Most methods for Bayesian network structure learning (BNSL) can be put into one of the following three categories:
(1) Search and Score: The most intuitive method is that of 'search and score,' where one searches over the space of all possible directed acyclic graphs (DAGs) and identifies the one that minimizes some objective function. Typical objective functions attempt to balance the log probability of the data given the model (the likelihood) with the complexity of the model to encourage sparser models. A naive implementation of this search is super-exponential in time with the number of variables, and becomes infeasible when considering even less than a dozen variables. However, dynamic programming can efficiently remove the many repeated calculations and reduce this to be simply exponential in time. This allows exact BNSL to scale to ~25-30 variables. In addition, the A* algorithm can be used to smartly search the space and reduce computational time even further by not even considering all possibile networks.
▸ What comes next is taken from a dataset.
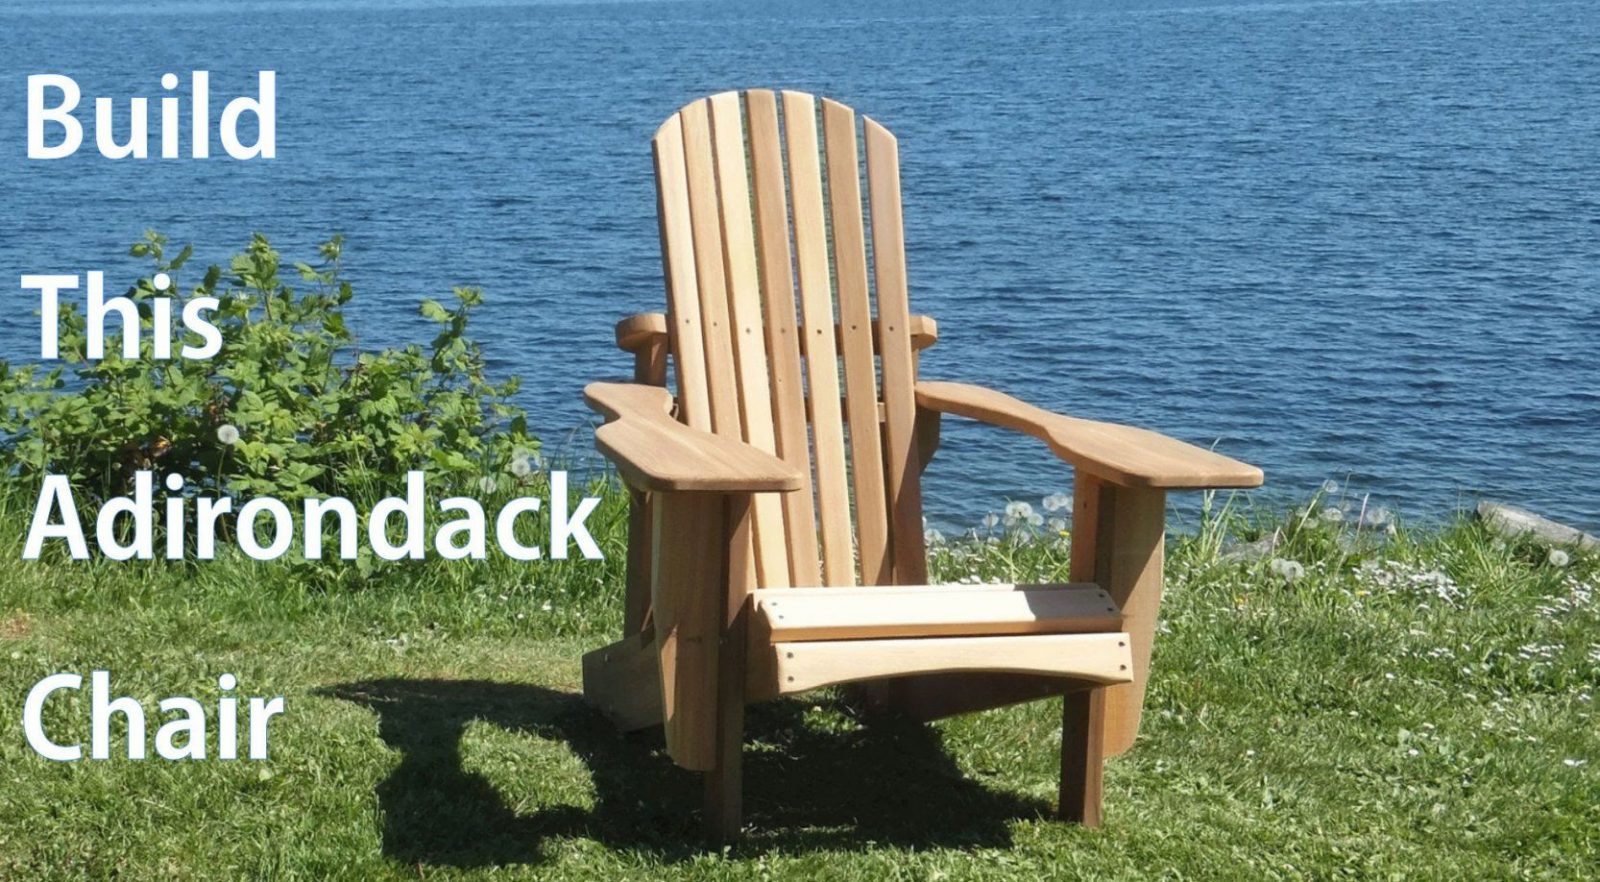 Building An Adirondack Chair  Woodworkweb  Youtube von Adirondack Chair Selber Bauen Bild

(2) Constraint learning: These methods typically involve calculating some measure of correlation or co-occurrence to identify an undirected backbone of edges that could exist, and then prune these edges systematically until a DAG is reached. A common method is to iterate over all triplets of variables to identify conditional independencies that specify both presence and direction of the edges. This algorithm is asymptotically faster (quadratic in time) than search-and-score, but it does not have a simple probabilistic interpretation.
(3) Approximate algorithms: In many real world examples, one wishes to merge the interpretability of the search and score method with the attractiveness of the task finishing before the universe ends. To this end, several heuristics have been developed with different properties to yield good structures in a reasonable amount of time. These methods include the Chow-Liu tree building algorithm, the hill-climbing algorithm, and optimal reinsertion, though there are others.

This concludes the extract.